今から五年ほど前の夏の夜のことです。
八月に入り、夜になっても昼間のような蒸し暑さが残る夜道を、夜中の1時くらいに私は一人家路を急いでおりました。
なんてことはない、いつも帰り道に使う住宅街の路地。
いまだ銭湯やら木造住宅が立ち並ぶ下町の夜道。 人通りはなく、ぽつんとついた電灯のジジジッという電気音が聞こえるほどの静寂さ。
私は次の日の予定を考えながらただ歩くのみです。
そのとき、なんと言うのでしょうか?
生温い風とともにお香の匂いのようなものが前方から漂ってきまして、思わず立ち止まりました。
ひたすら、下を向いて歩いておりましたので前方数メートル離れた街灯の下に人が立っていることに気がつきませんでした。
いくつかの街灯のおかげで女性ということがわかりました。
みたところ、浴衣をきていて髪を結っていたようですが、佇まいのみでその浴衣の柄などはもちろん見えませんでした。
なにしろ下町ですから、浴衣を着ている女性も夏になれば何度か見ましたので不信には思いません。
そのまま私は普通に歩みを進め、その女性へと近付いていきます。
あることに気がつきました。
浴衣の女性は首をかしげるように、何度も首を横に曲げ佇ずんでいます。
その時点で、なんだか気味が悪くなり、『あぁ…早く追い越さなければ…』と幽霊などというよりは、変質者か何かかとびくびくしておりました。
近づくにつれ、その女性は私の進行方向と同じ方向に身体を向けているようで、腰の帯が見えておりました。
なんだか顔を見るのも怖い…
私はなるべく下をむいたまま、その女性の脇を通ろうとしました。
相変わらず女性は首をかしげるように佇んだまま首を横に倒しておりました。
女性を追い越す瞬間が近づくと同時に
嫌な冷や汗が私の頬を伝うのがわかります。
なるべく下をむいたままその女性の脇を通り過ぎて、一安心。
後ろを振り向いて顔を確認する勇気なんぞはなく、そのままダッシュして逃げるのも変質者であればかえって、刺激してしまうだろうと思い、普通のペースで歩いていきました。
その瞬間
カラカラカラカラッ
数メートル後ろから音がしまして、振り返ると
先程の女性が近付いてきておりました。
『え?下駄の音?』
いいえ、下駄の音ではありませんでした。
カラカラカラという音は
その女性が首を左右に傾げるたびに、音がなり、 女性の足元を見ると走っているのではなく、地面を滑るように首をかしげながら私に近付いてくるのがわかりました。
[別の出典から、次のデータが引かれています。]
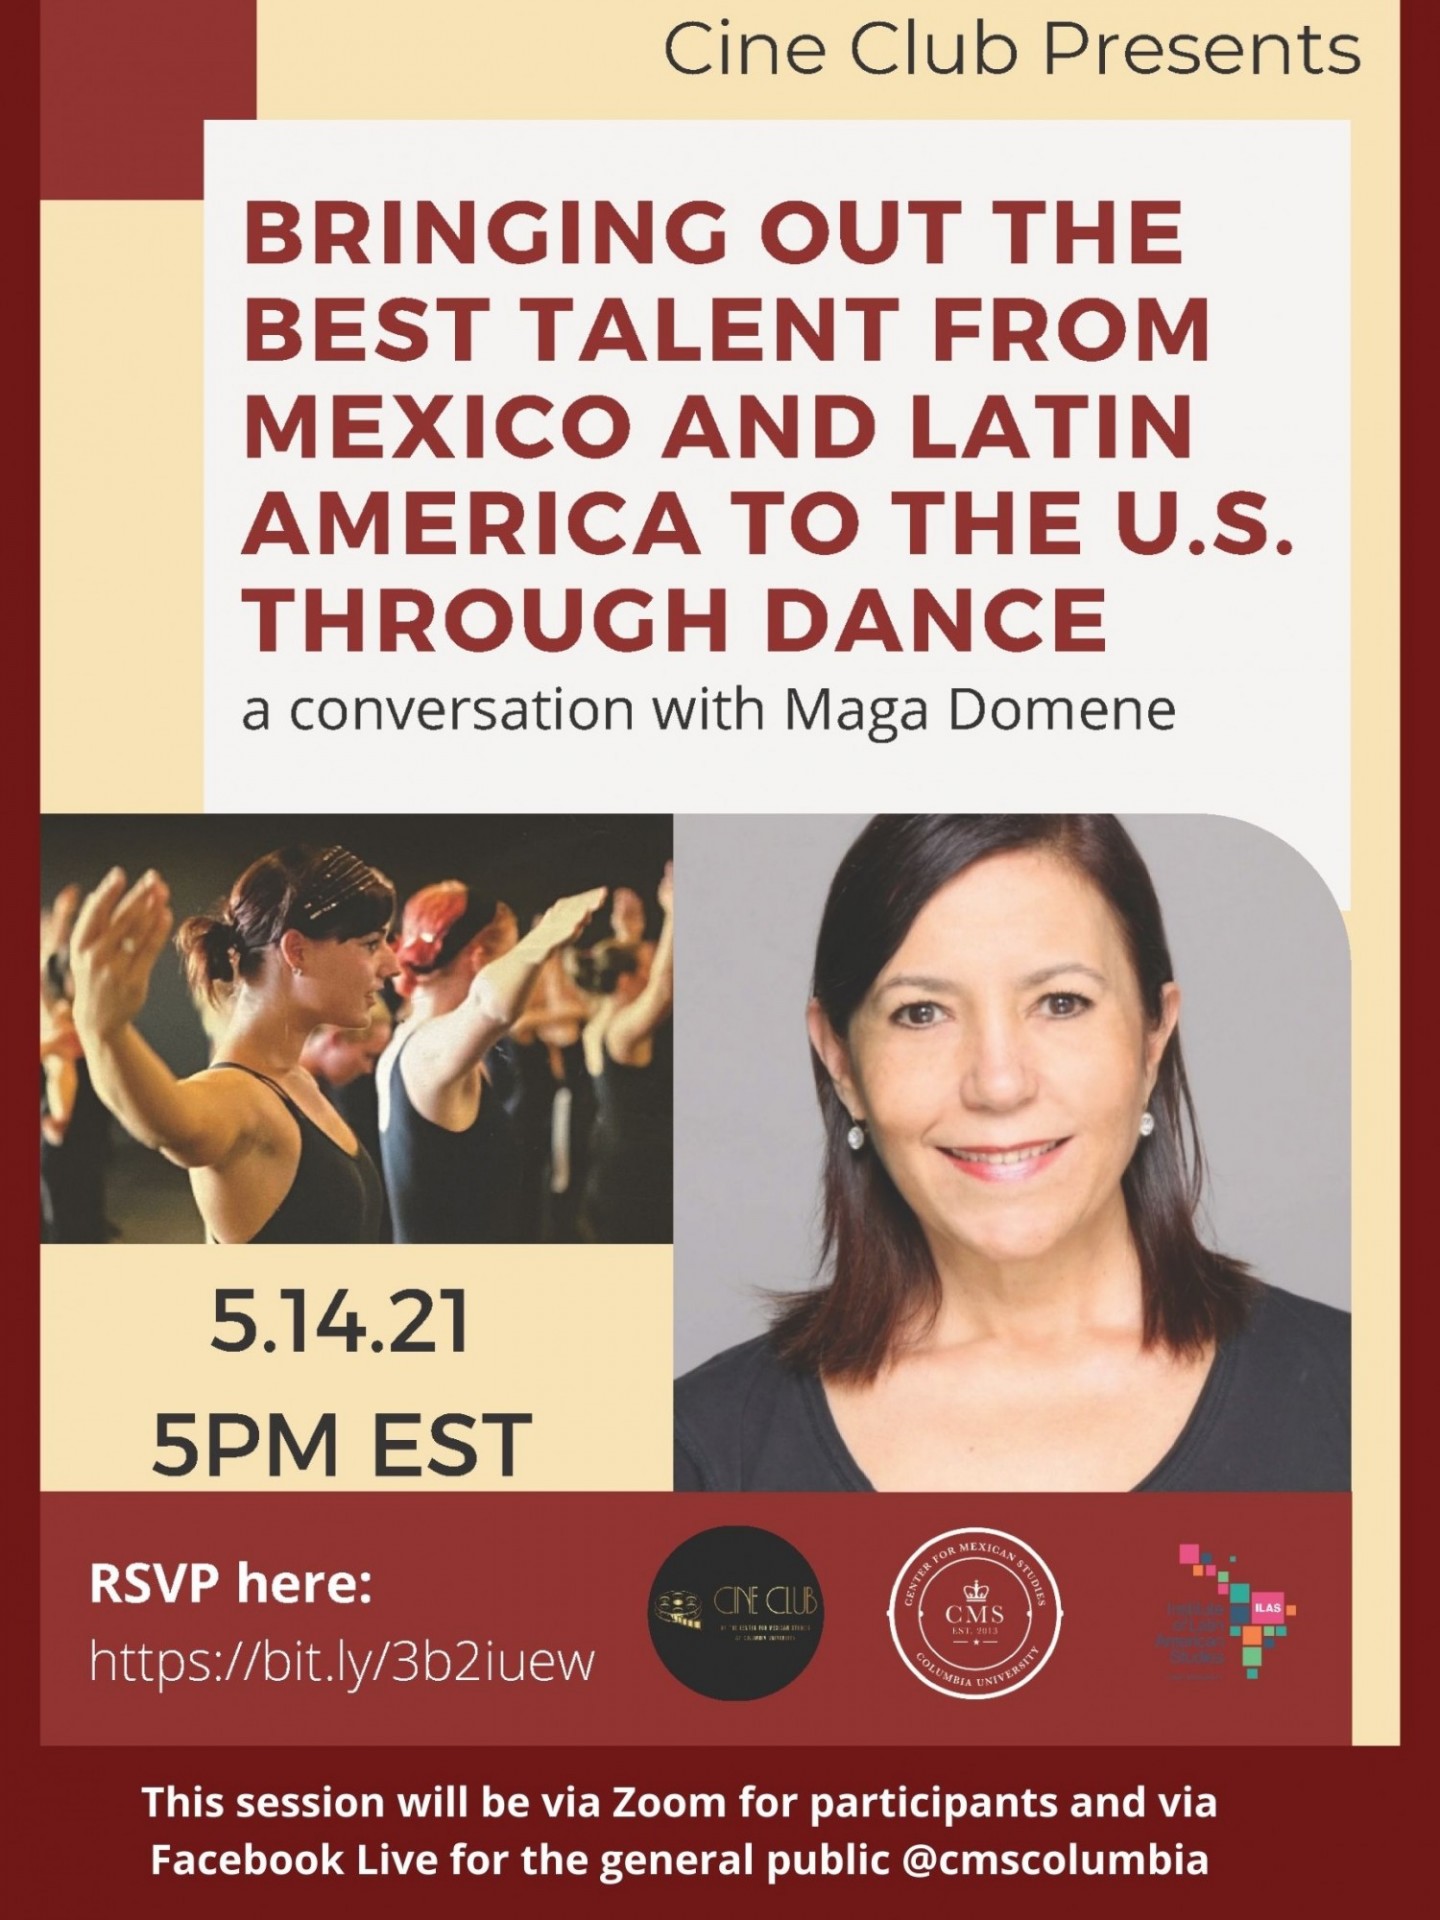 Maga Domene at Columbia - Bringing out the Best Talent from Mexico and Latin America to the U.S. through Dance

恐怖のあまり叫びながら走り路地の終わりの大通りまで一気に駆け抜けました。
大通りにはまばらではありましたが人通りが…
酔っ払いのお客さんを見送るスナックのママさんや飲み屋帰りの人達…
慌て後ろ、つまり路地を振り返りましたが
そこに女性はもうおらず、ただ ただ 静かないつも通りの暗闇が広がるのみ。
いまだにあの女性がなんだったのかわかりません。
かつて事件があったとも聞いたことはありませんが、その昔、その路地には何件もの遊郭があったという歴史のみ覚えていていただきたいのです。
つまらないお話、最後までお読みいただき有り難うございました。